Exercise in exact copying: restate word for word only the lines below from the one containing "Stock Buybacks: Background" through the one containing "Panorama of Montreal, Quebec, Canada, and", omitting any pictures.

─── Working data

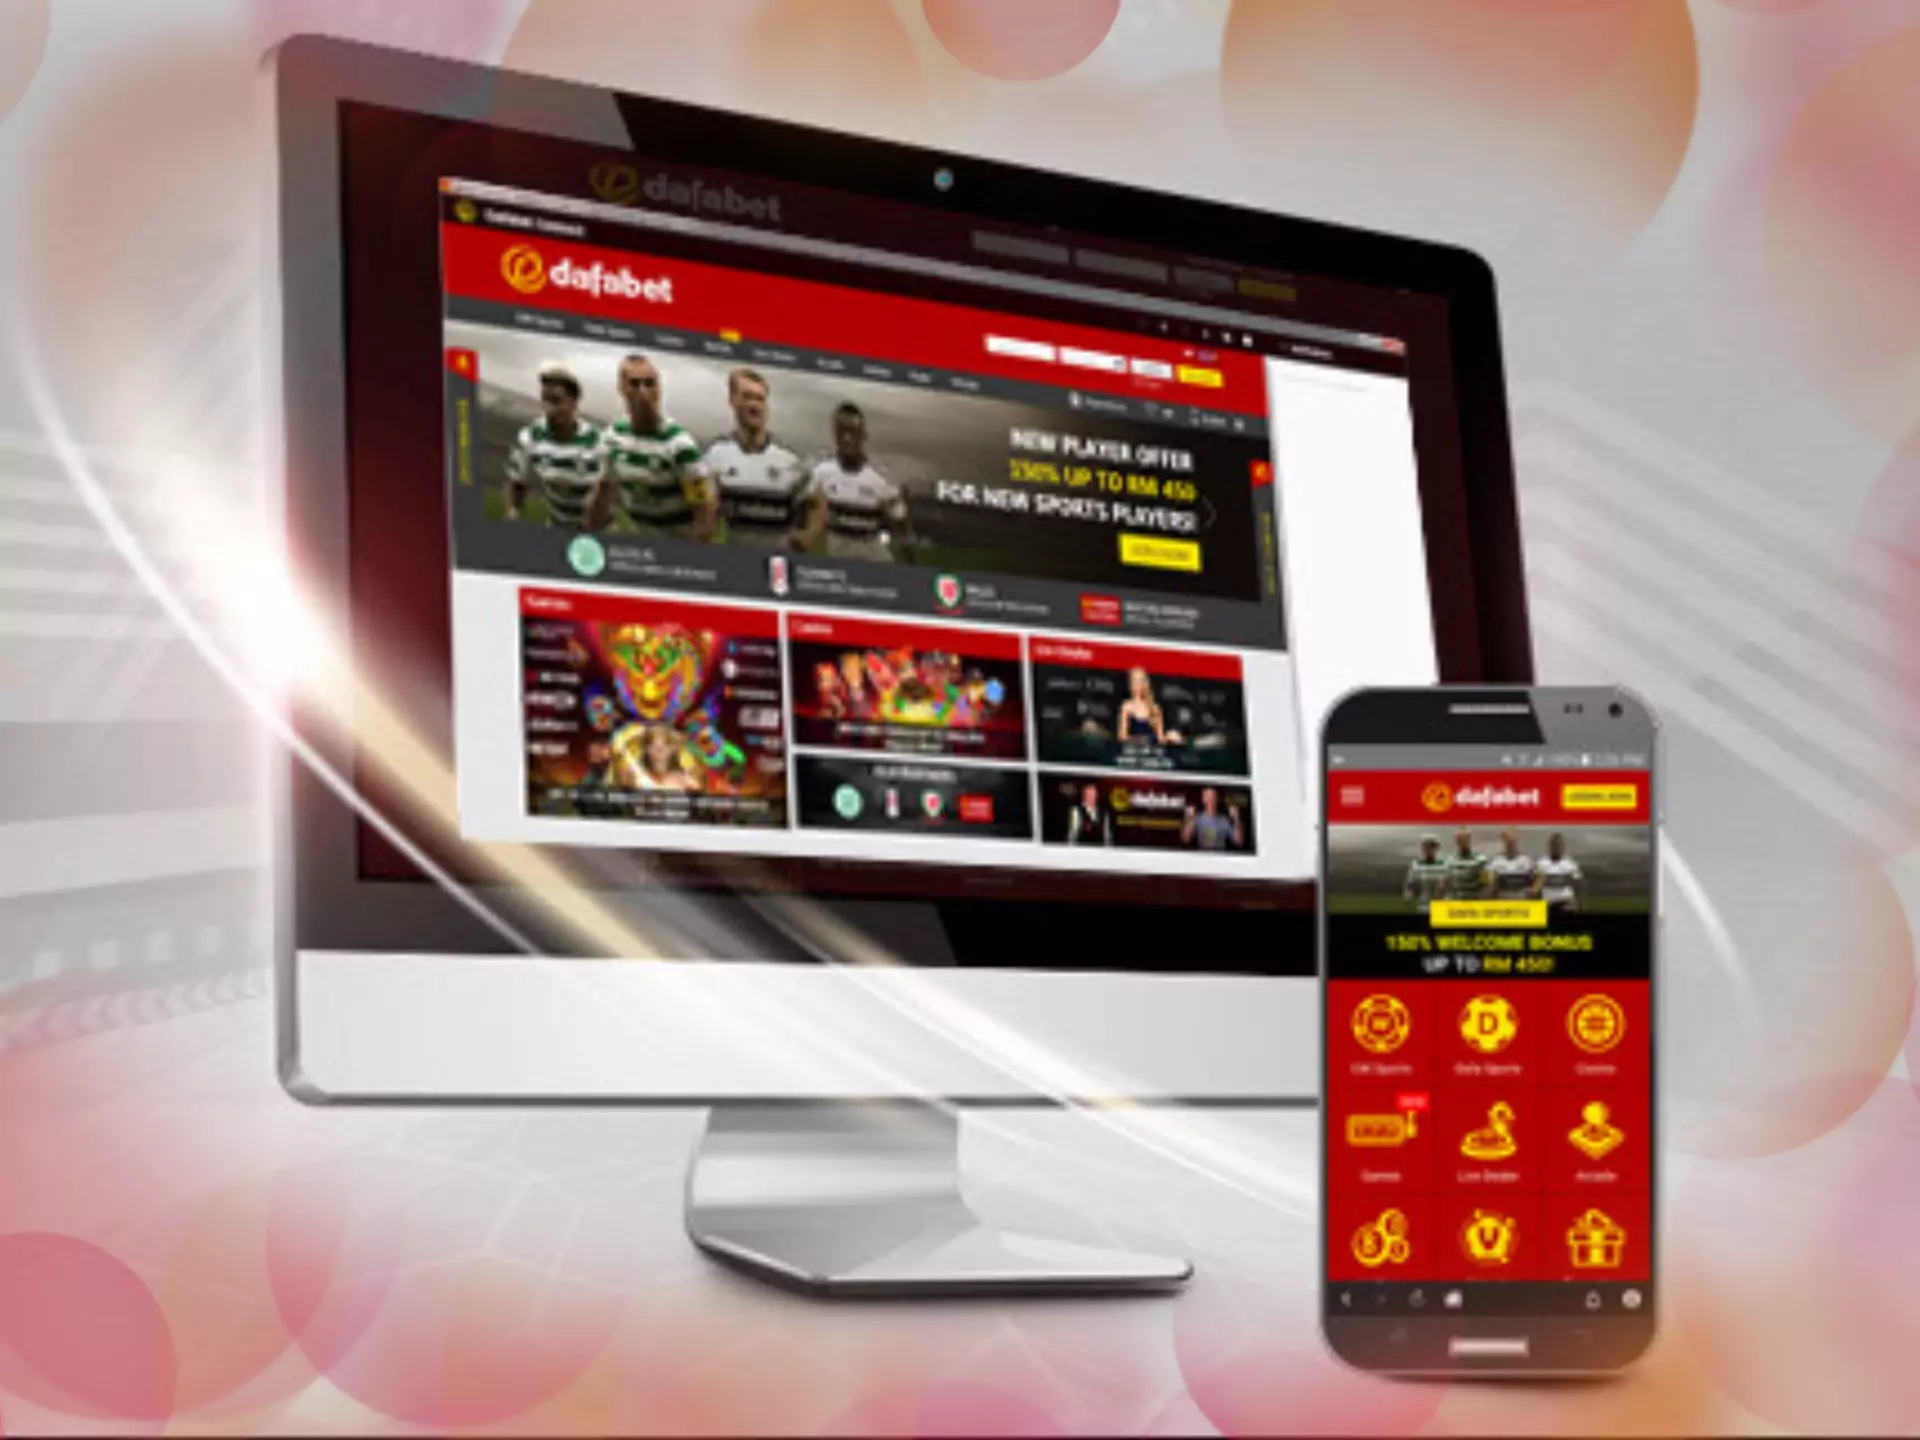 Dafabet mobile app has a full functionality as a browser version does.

──────
─── Working data

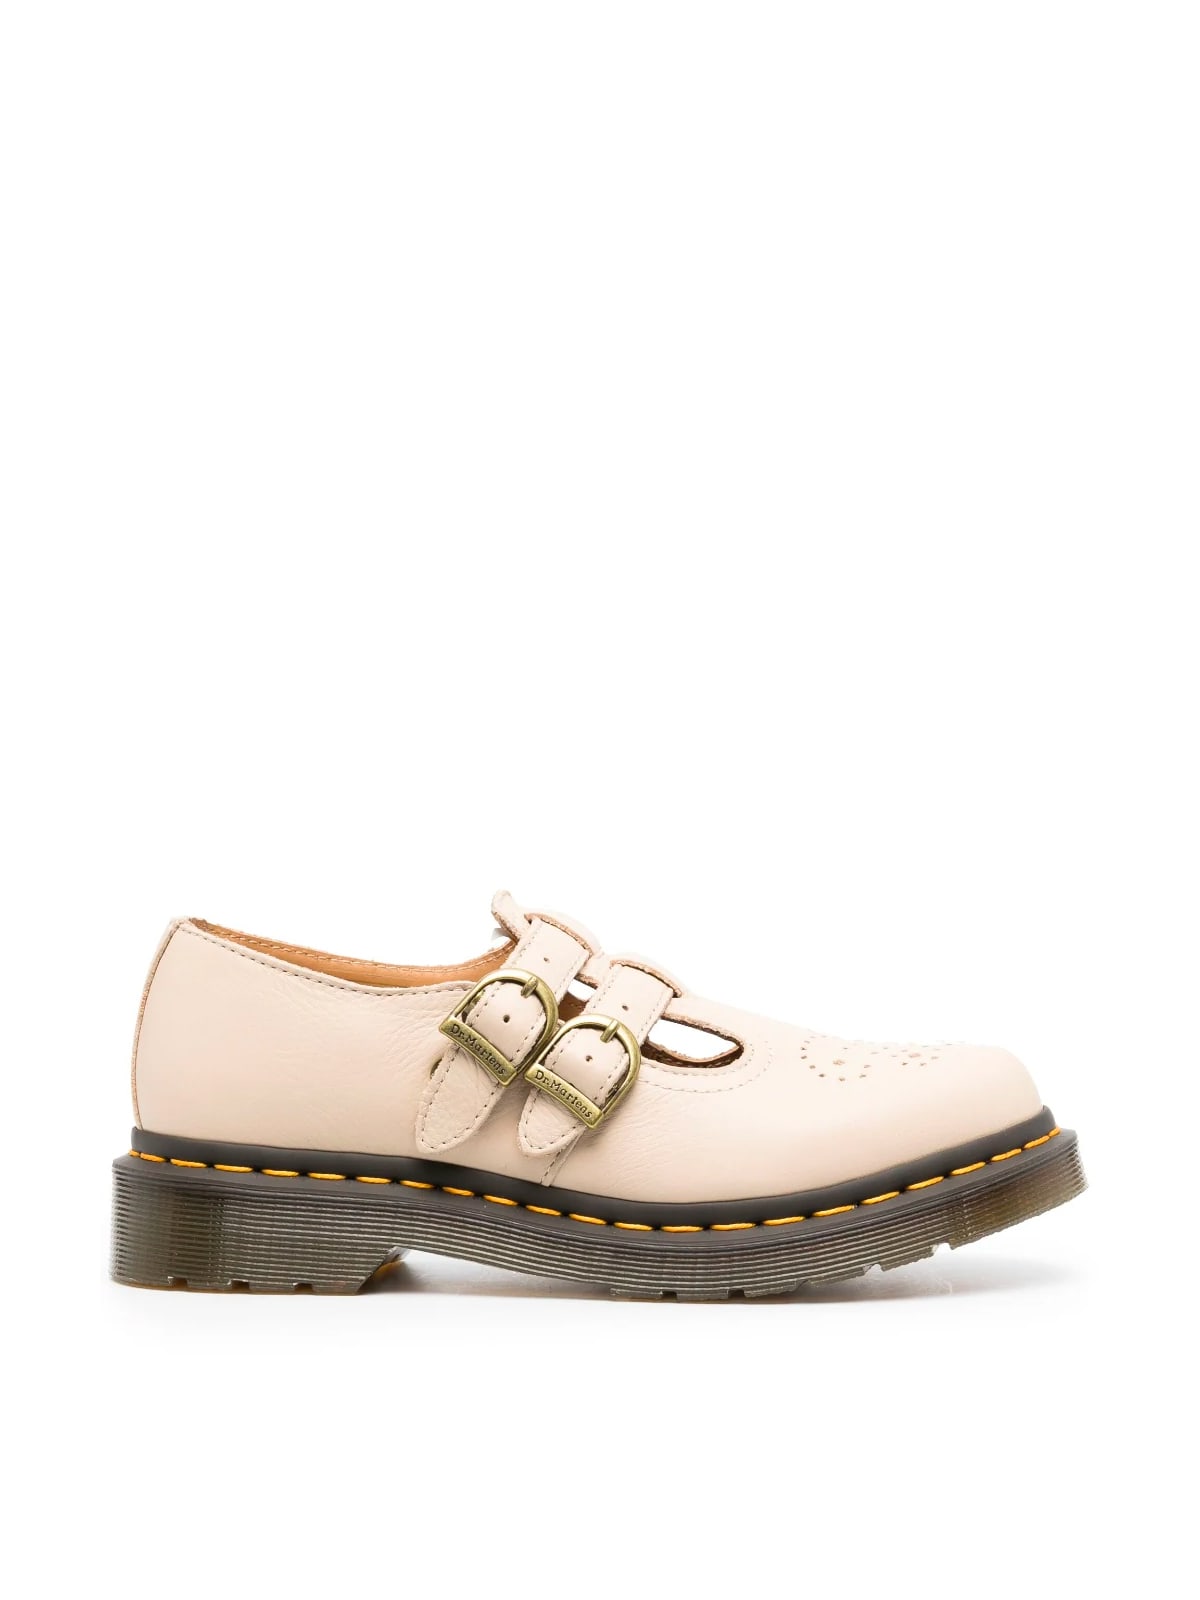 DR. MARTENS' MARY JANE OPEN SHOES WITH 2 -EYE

──────
─── Working data

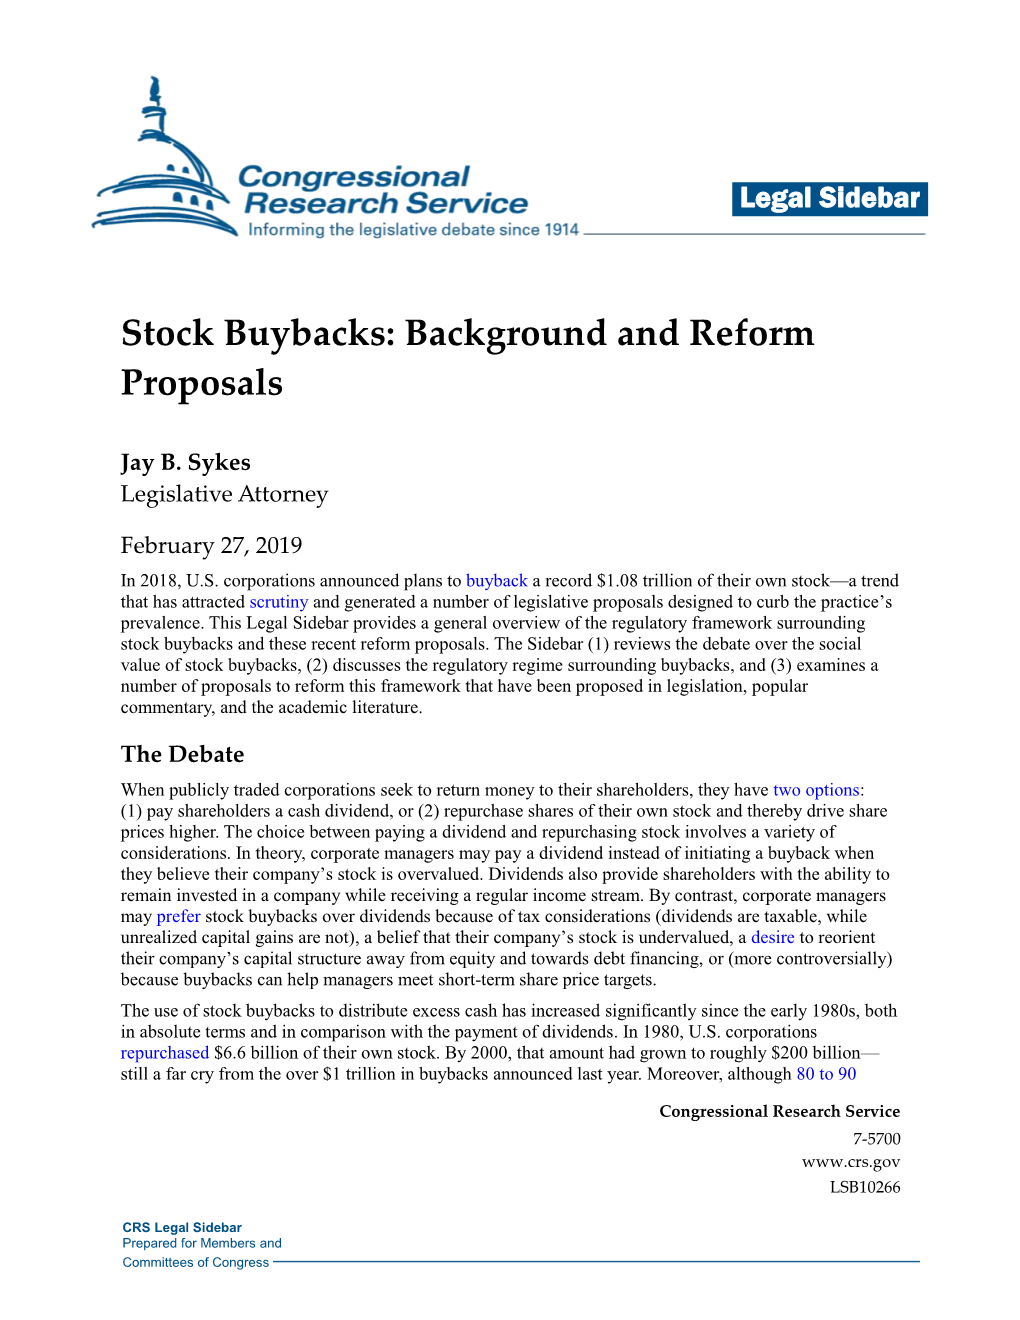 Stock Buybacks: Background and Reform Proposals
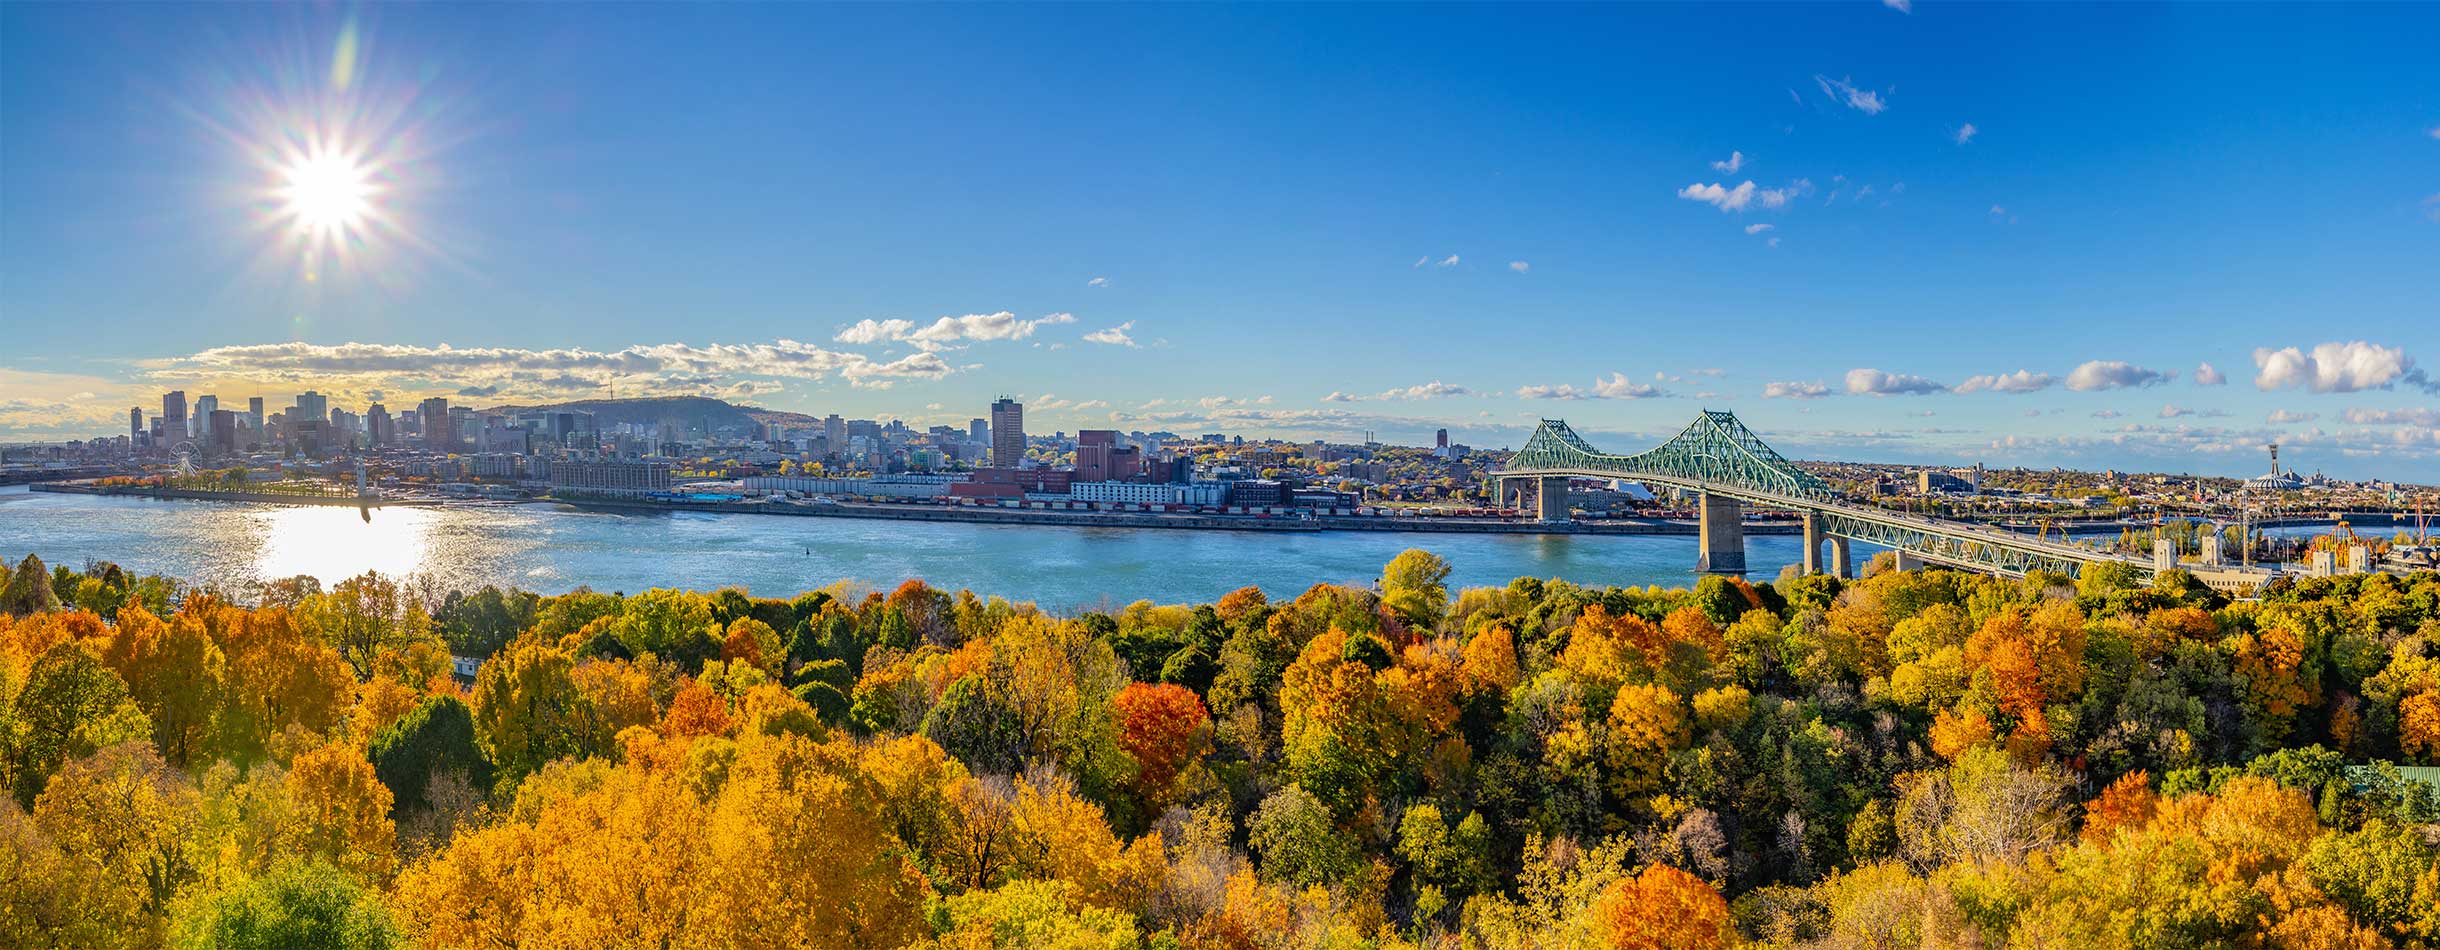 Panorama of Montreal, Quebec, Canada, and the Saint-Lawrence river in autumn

──────

__Written response__.
 Stock Buybacks: Background and Reform Proposals
 Panorama of Montreal, Quebec, Canada, and the Saint-Lawrence river in autumn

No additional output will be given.